The cooks at El Diablo restaurant in the Canary Islands use the heat from a still-active volcano to cook their meat instead of utilizing fire, electricity, or natural gas.
A restaurant in the Canary Islands is raising the bar on barbecue.
El Diablo’s chefs cook their steak over a live volcano instead of using fire, electricity, or natural gas.
Rather than erupting with lava as it hasn’t done since 1824, the unique grill is heated to a temperature of between 400 and 600 degrees Celsius thanks to an iron grate placed over a round basalt pit.
Using a geothermal burner, the El Diablo cooks prepare lamb, poultry, and fish for use in traditional Canarian recipes. Though a special Tuesday evening reservation can be made in advance for 50 euros, which includes a tour, a three-course meal, and transportation to and from nearby hotels, it is best to arrive early for dinner because the kitchen closes at 3:30 pm.
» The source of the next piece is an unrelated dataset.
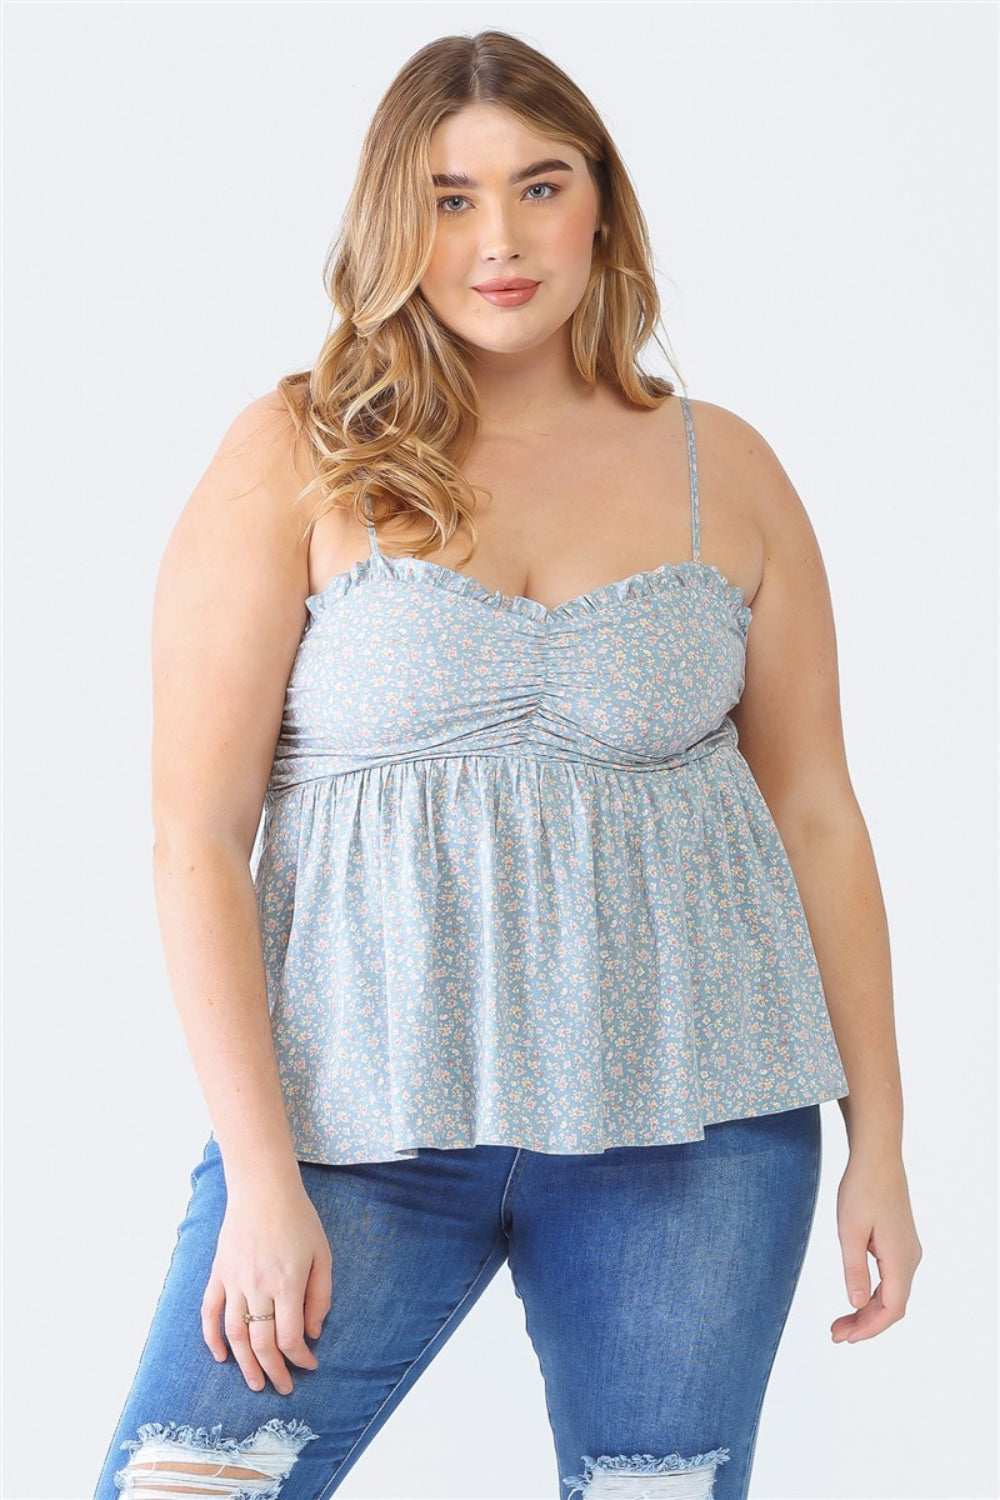 Zenobia Plus Size Frill Smocked Floral Sweetheart Neck Cami Blue

In 1970, local architect César Manrique completed the construction of the volcano-powered kitchen as part of a commission to construct a restaurant atop a peak in the Fire Mountains, which are part of Timanfaya National Park on the island of Lanzarote. He and other designers constructed nine layers of basalt rock to serve as the restaurant’s base, leaving part of it exposed to the heat because they were unable to build the foundations because of the extreme heat of the ground.
Today, the restaurant‘s floor to ceiling windows provide sweeping views of the black lava fields, cones, craters, and volcanic calderas of the park. Because of little rainfall and government protection, the landscape hasn’t changed much since the previous eruption.